▶ [Available data]:
>>>>
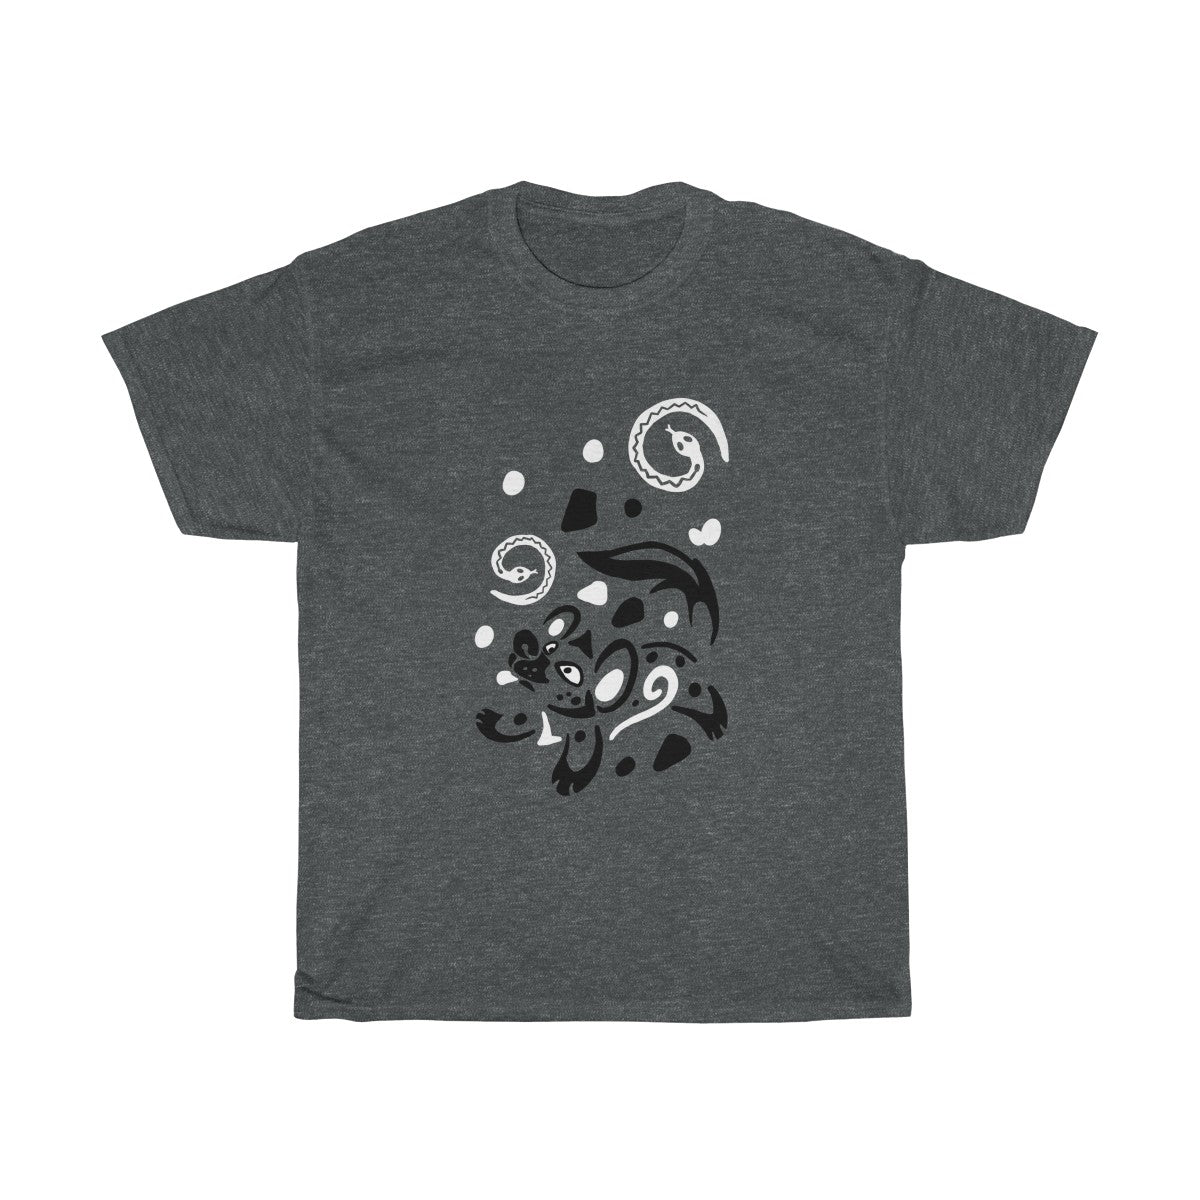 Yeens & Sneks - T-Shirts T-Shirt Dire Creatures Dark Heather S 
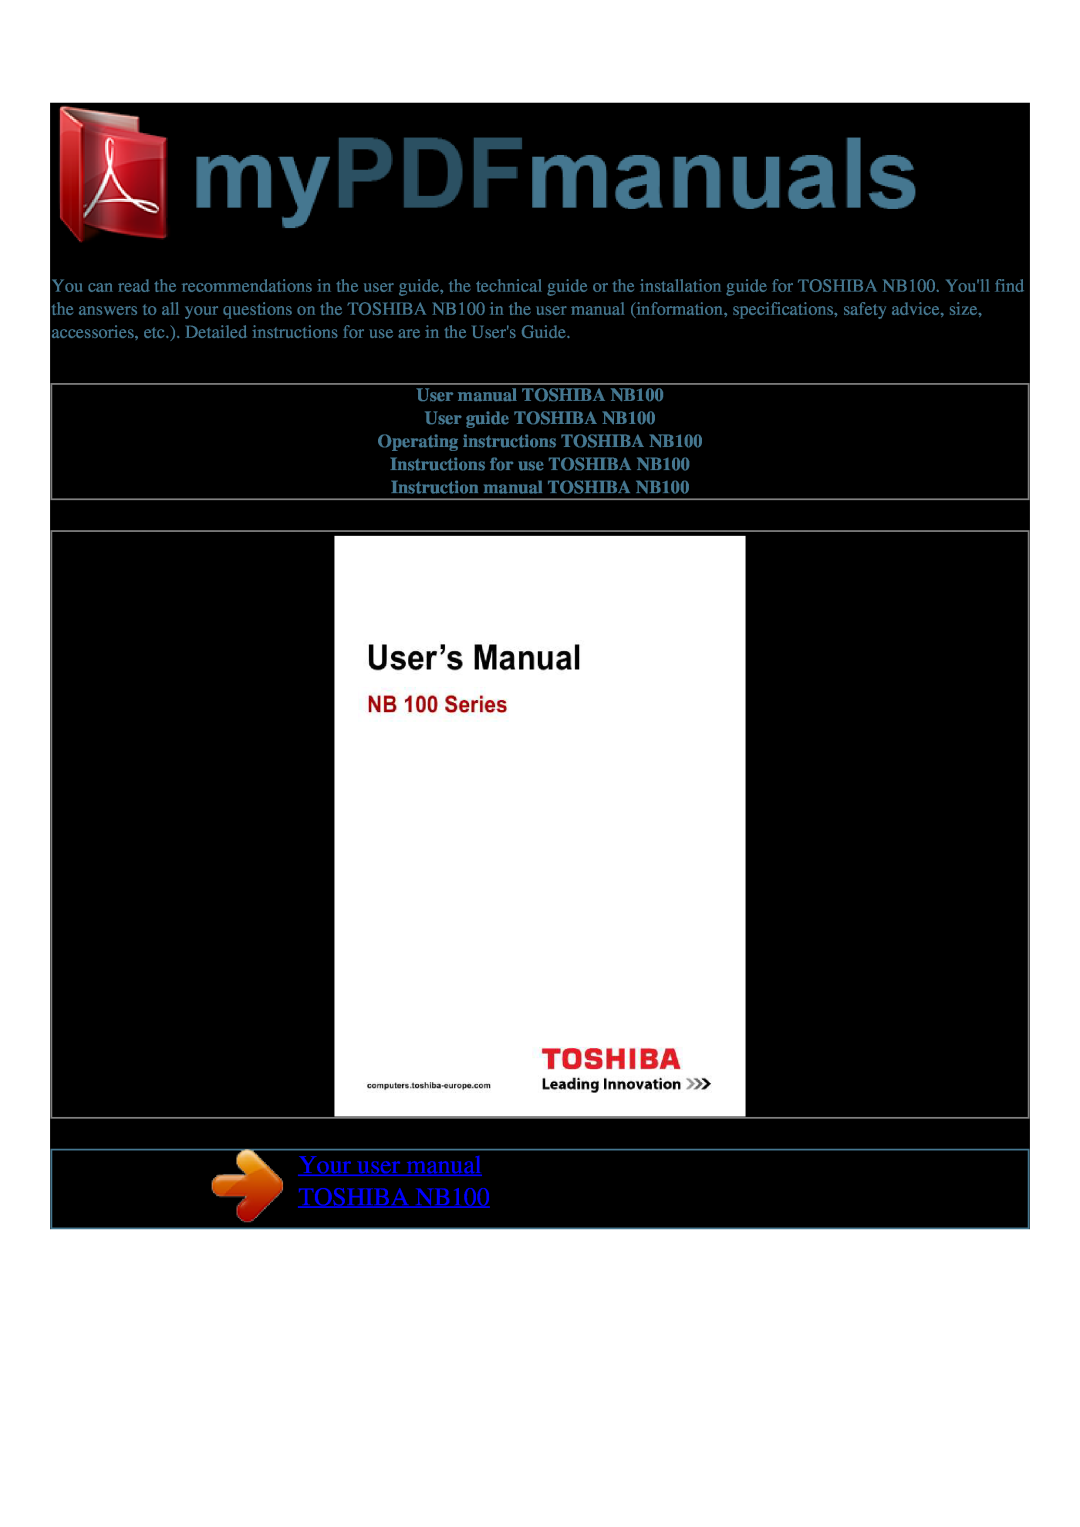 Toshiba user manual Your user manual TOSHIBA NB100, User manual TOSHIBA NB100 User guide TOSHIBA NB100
<<<<
>>>>
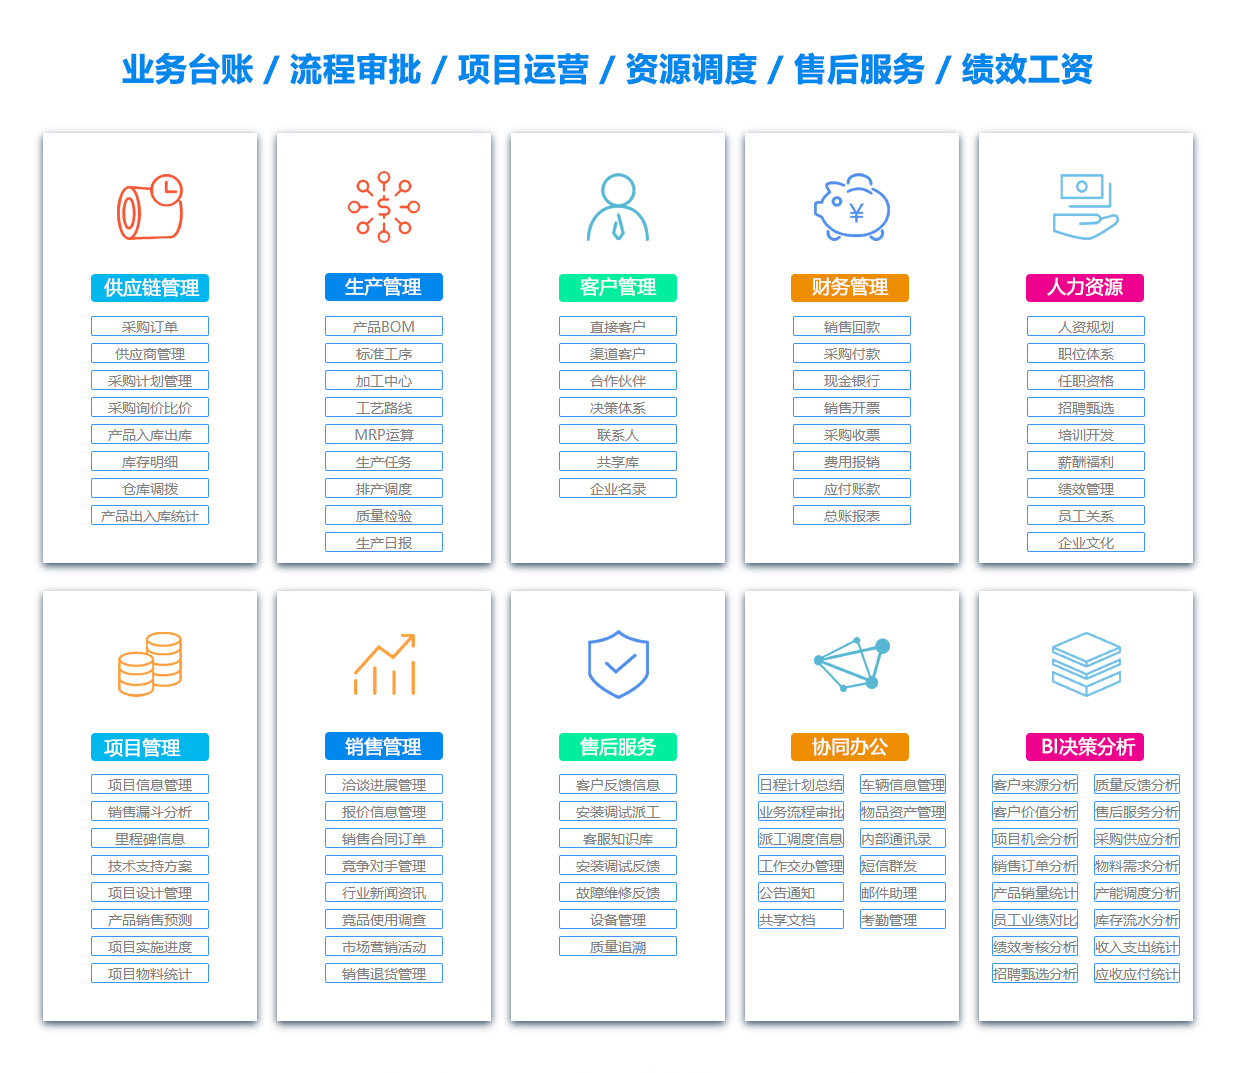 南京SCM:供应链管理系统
<<<<
>>>>
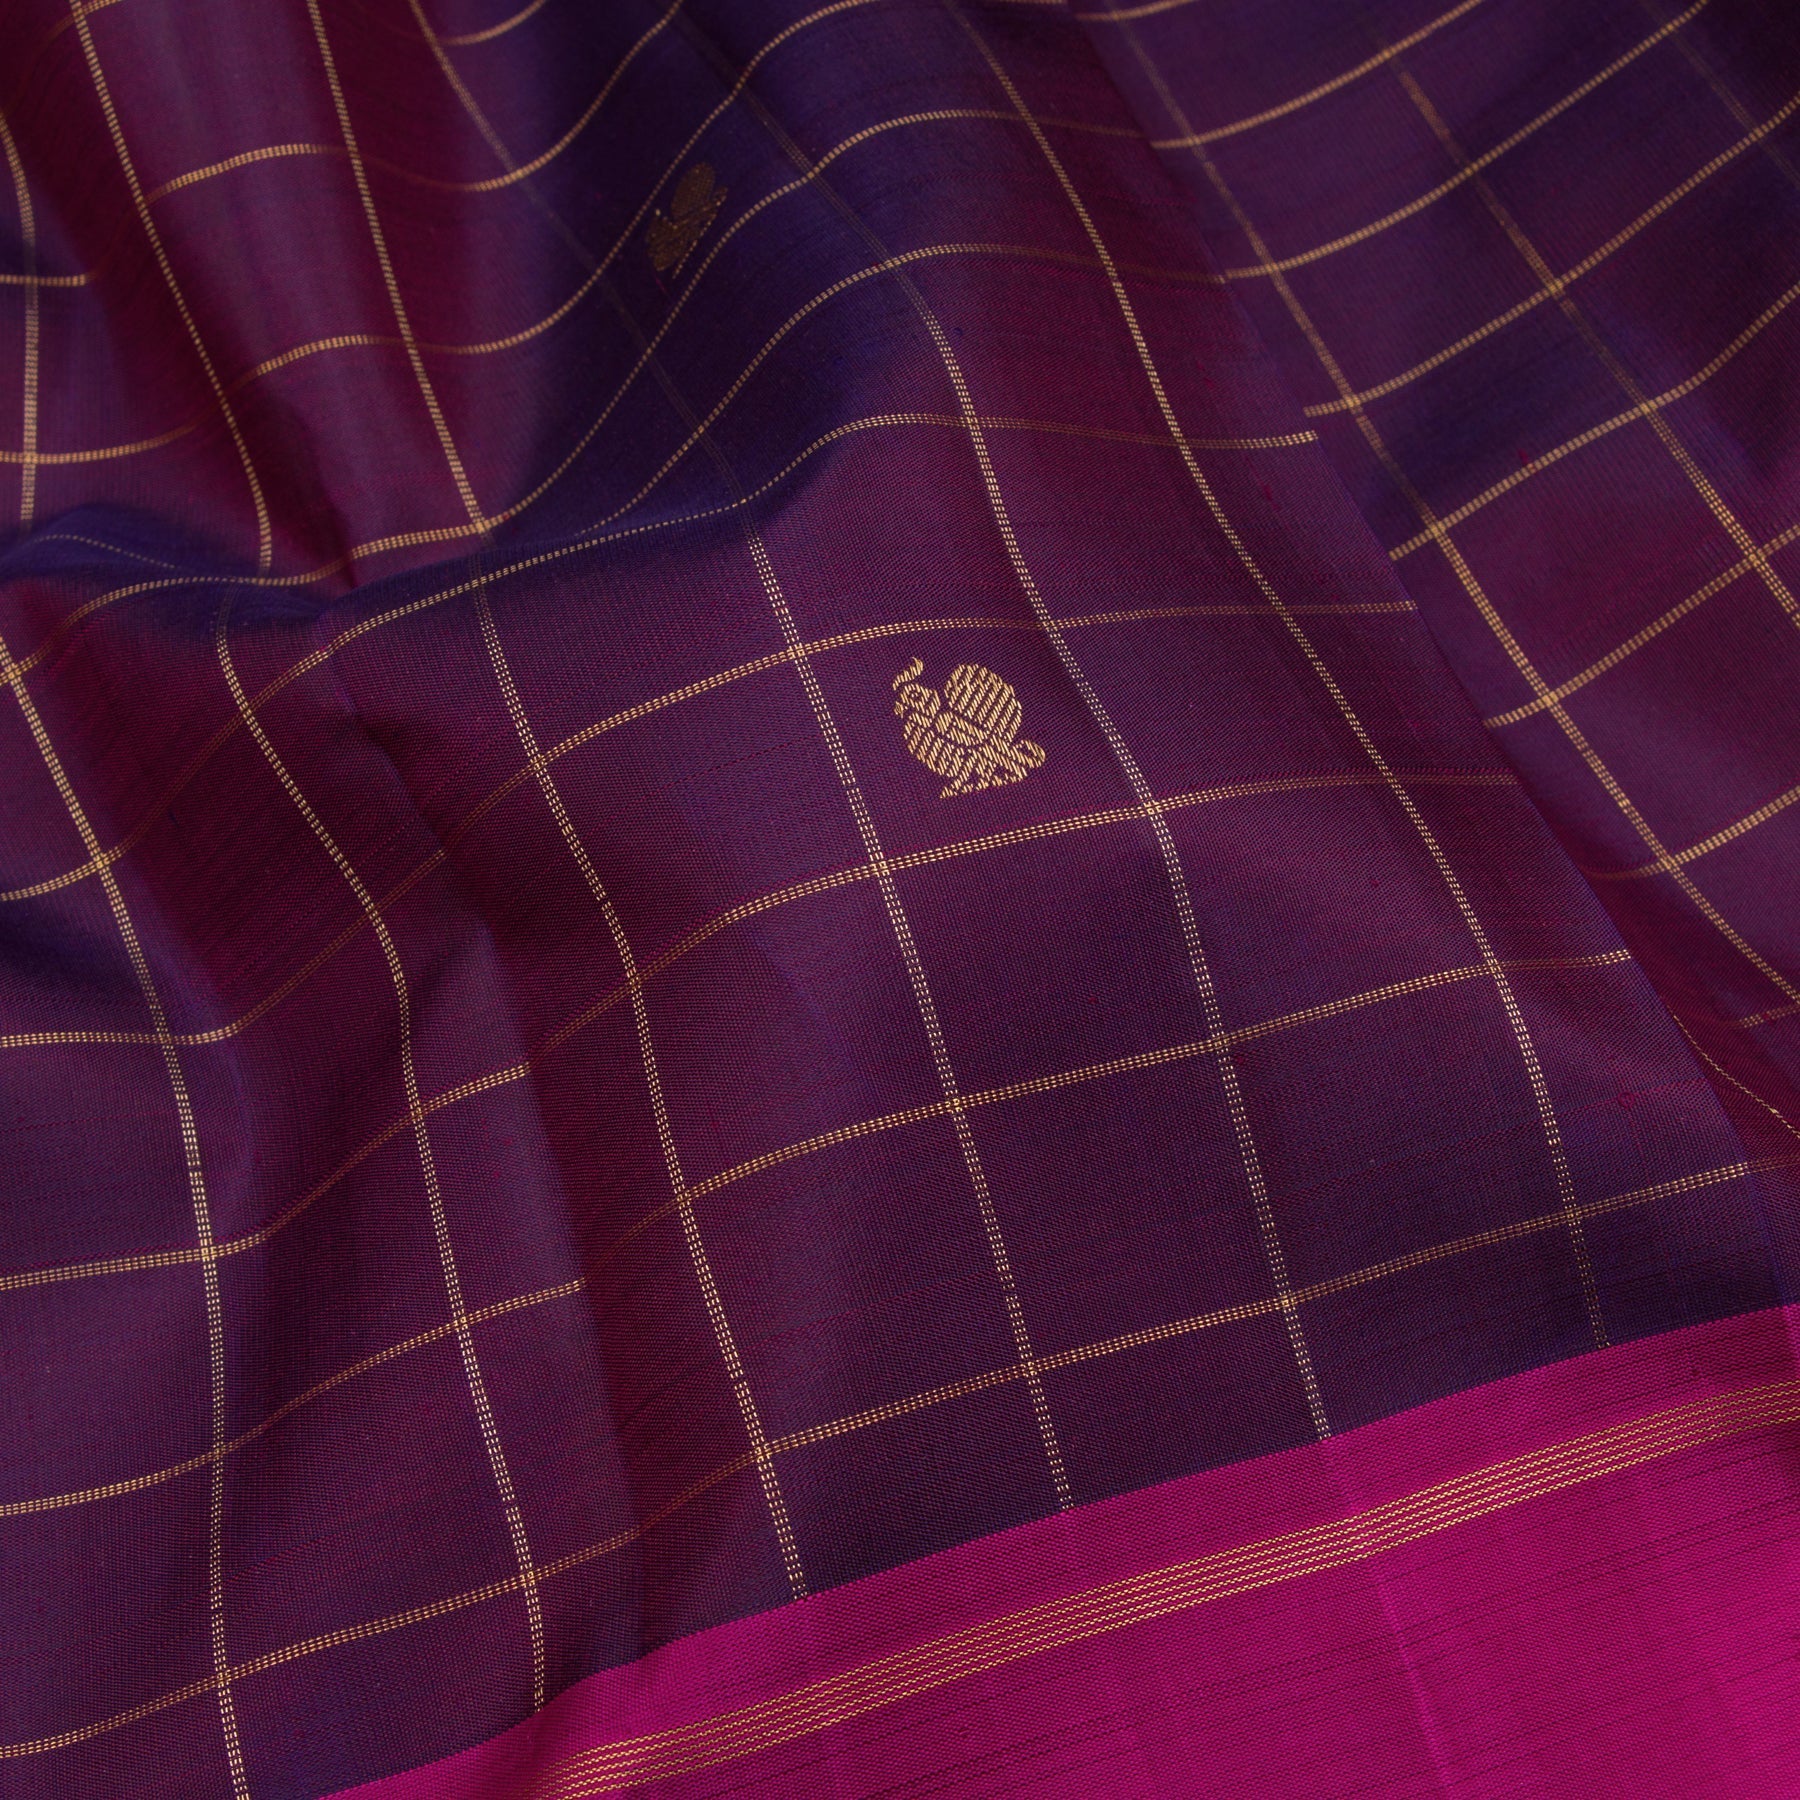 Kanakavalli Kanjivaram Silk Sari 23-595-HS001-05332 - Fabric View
<<<<
▶ [Task requirements]:
Among the records above, locate the line containing "Yeens & Sneks" and the line containing "Toshiba user manual", then transcribe exactly the lines starting at the first and ending at the second, with no pictures.

▶ [Answer to this problem]:
 Yeens & Sneks - T-Shirts T-Shirt Dire Creatures Dark Heather S 
 Toshiba user manual Your user manual TOSHIBA NB100, User manual TOSHIBA NB100 User guide TOSHIBA NB100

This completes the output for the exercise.